Content-Transfer-Encoding: 7bit
Errors-To: dri-devel-bounces@lists.freedesktop.org
Sender: "dri-devel" <dri-devel-bounces@lists.freedesktop.org>

Migration is currently implemented as a mode of operation for
try_to_unmap_one() generally specified by passing the TTU_MIGRATION flag
or in the case of splitting a huge anonymous page TTU_SPLIT_FREEZE.

However it does not have much in common with the rest of the unmap
functionality of try_to_unmap_one() and thus splitting it into a
separate function reduces the complexity of try_to_unmap_one() making it
more readable.

Several simplifications can also be made in try_to_migrate_one() based
on the following observations:

 - All users of TTU_MIGRATION also set TTU_IGNORE_MLOCK.
 - No users of TTU_MIGRATION ever set TTU_IGNORE_HWPOISON.
 - No users of TTU_MIGRATION ever set TTU_BATCH_FLUSH.

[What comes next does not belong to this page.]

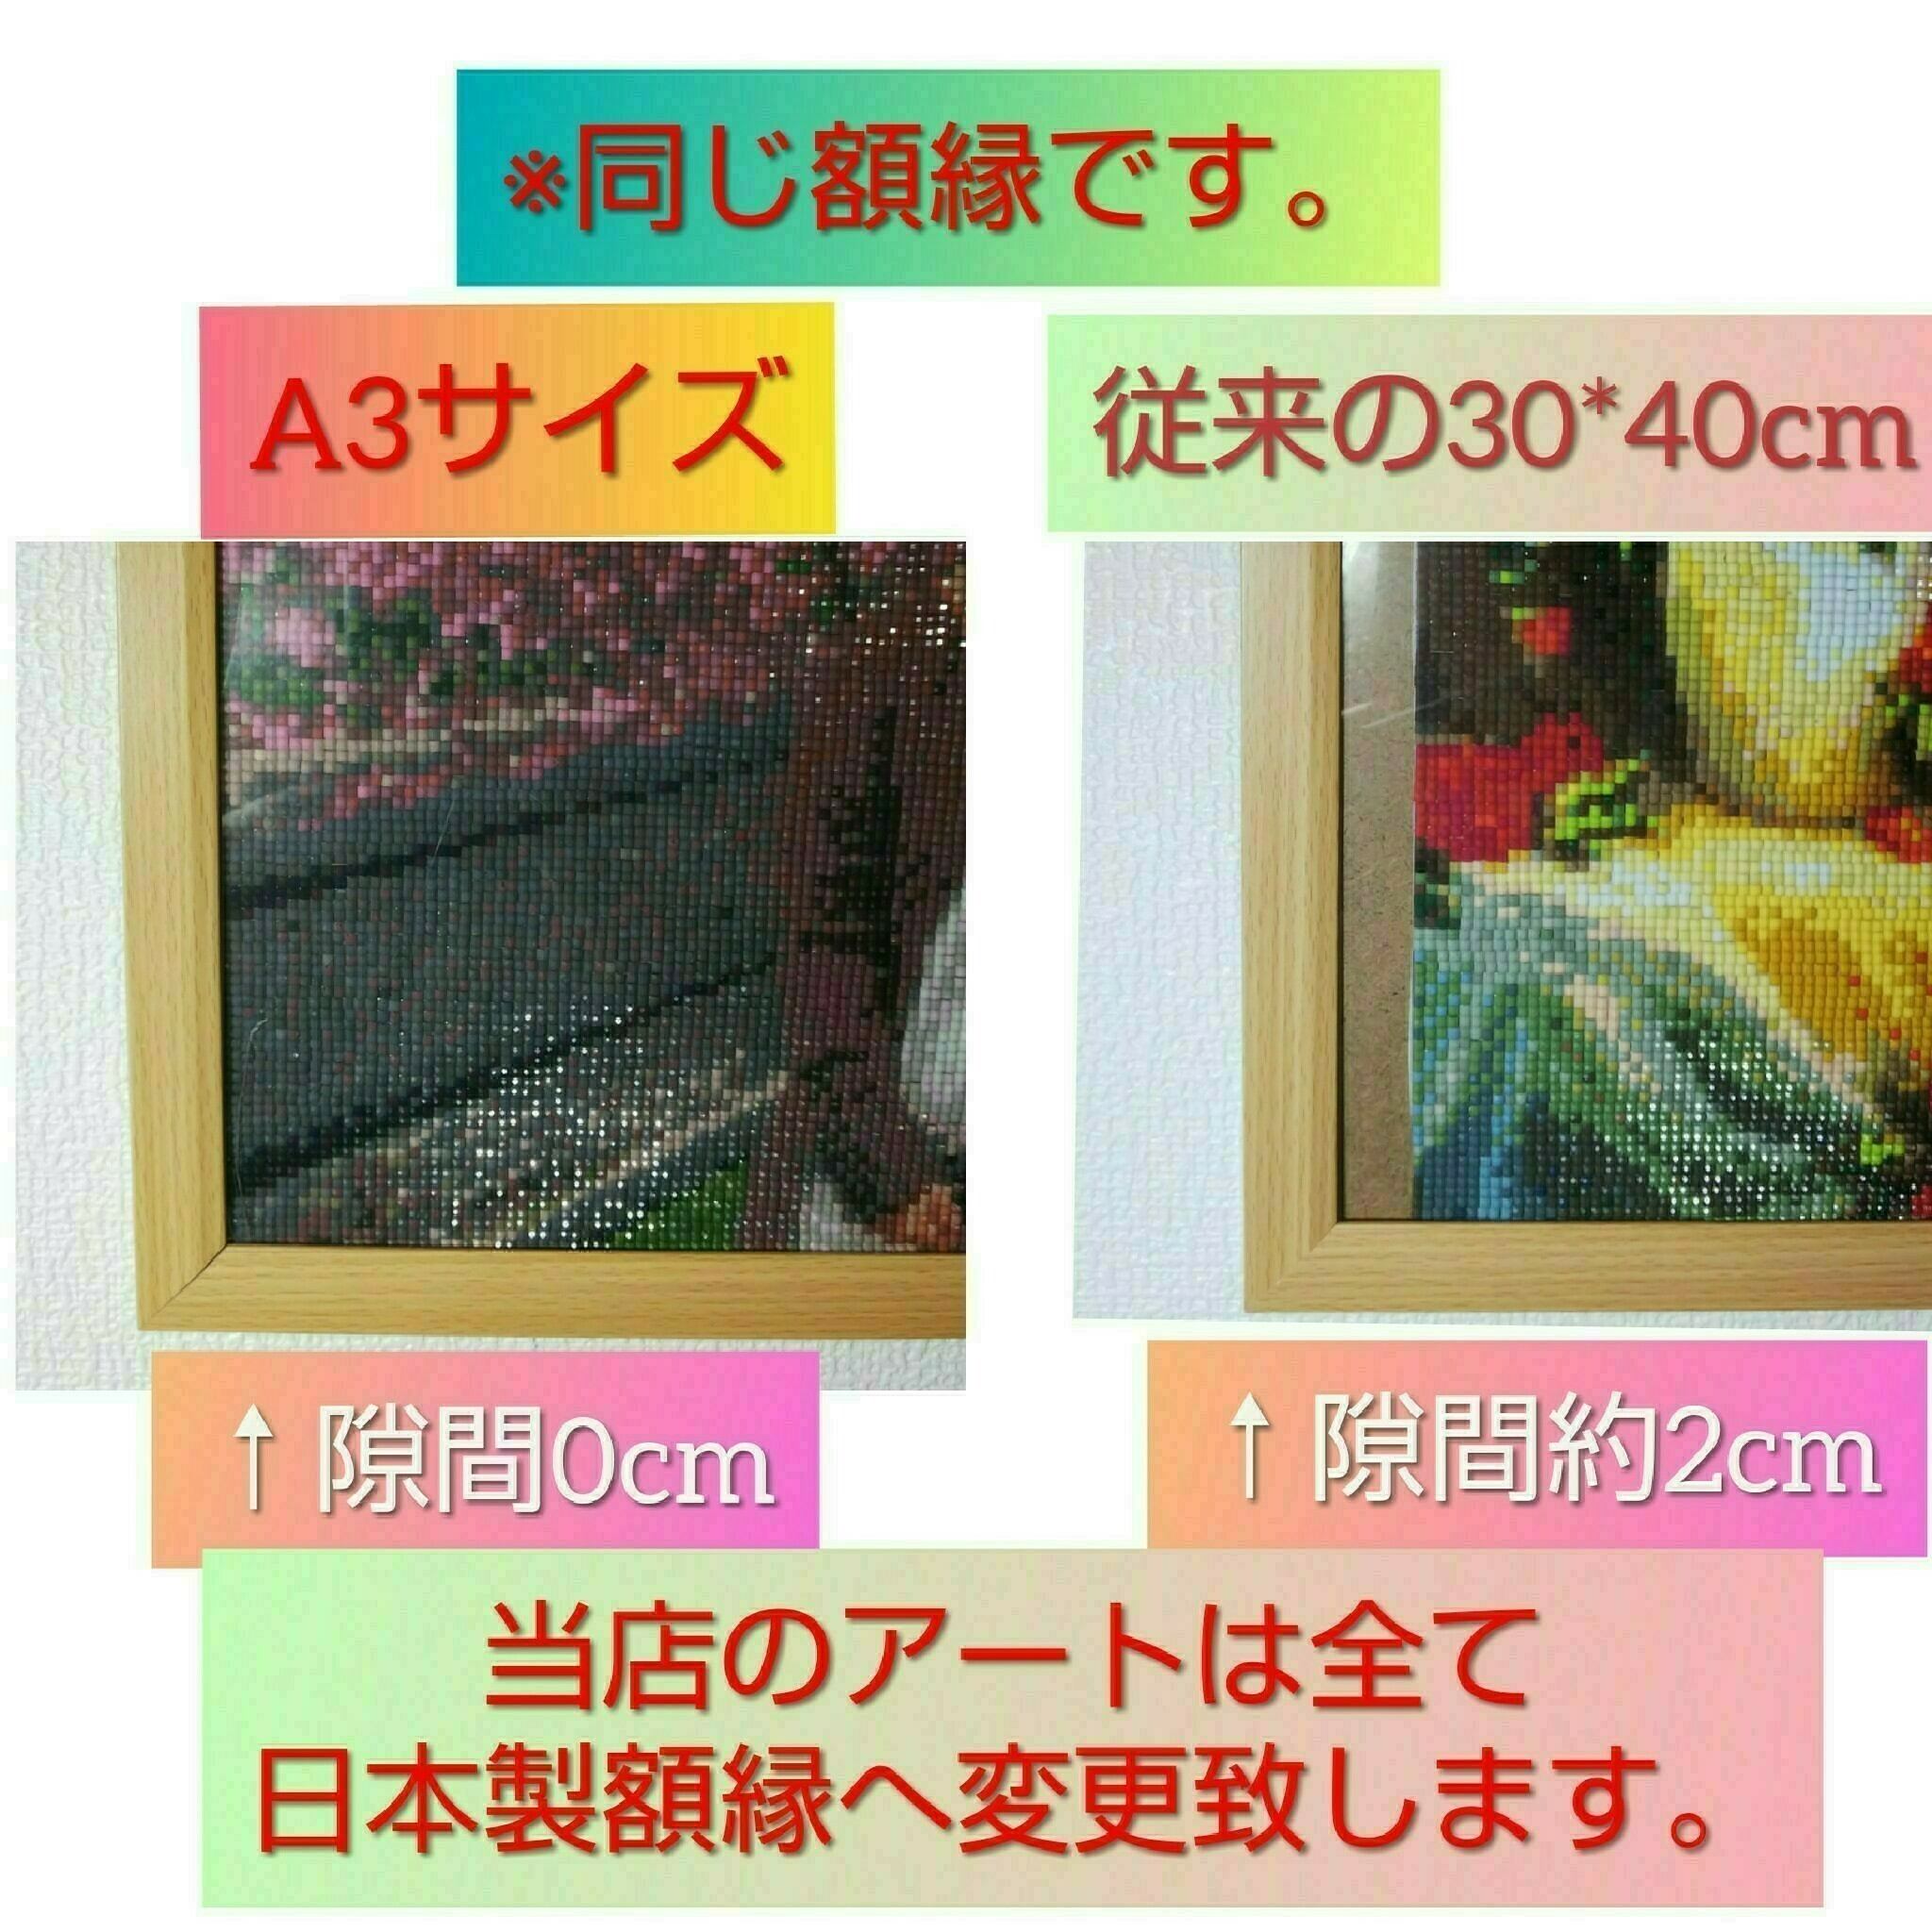 B2サイズ 丸型ビーズ【fan-003】フルダイヤモンドアート

TTU_SPLIT_FREEZE is a special case of migration used when splitting an
anonymous page. This is most easily dealt with by calling the correct
function from unmap_page() in mm/huge_memory.c  - either
try_to_migrate() for PageAnon or try_to_unmap().

Signed-off-by: Alistair Popple <apopple@nvidia.com>
Reviewed-by: Christoph Hellwig <hch@lst.de>
Reviewed-by: Ralph Campbell <rcampbell@nvidia.com>

---

v5:
* Added comments about how PMD splitting works for migration vs.
  unmapping
* Tightened up the flag check in try_to_migrate() to be explicit about
  which TTU_XXX flags are supported.
---
 include/linux/rmap.h |   4 +-
 mm/huge_memory.c     |  15 +-
 mm/migrate.c         |   9 +-
 mm/rmap.c            | 358 ++++++++++++++++++++++++++++++++-----------
 4 files changed, 280 insertions(+), 106 deletions(-)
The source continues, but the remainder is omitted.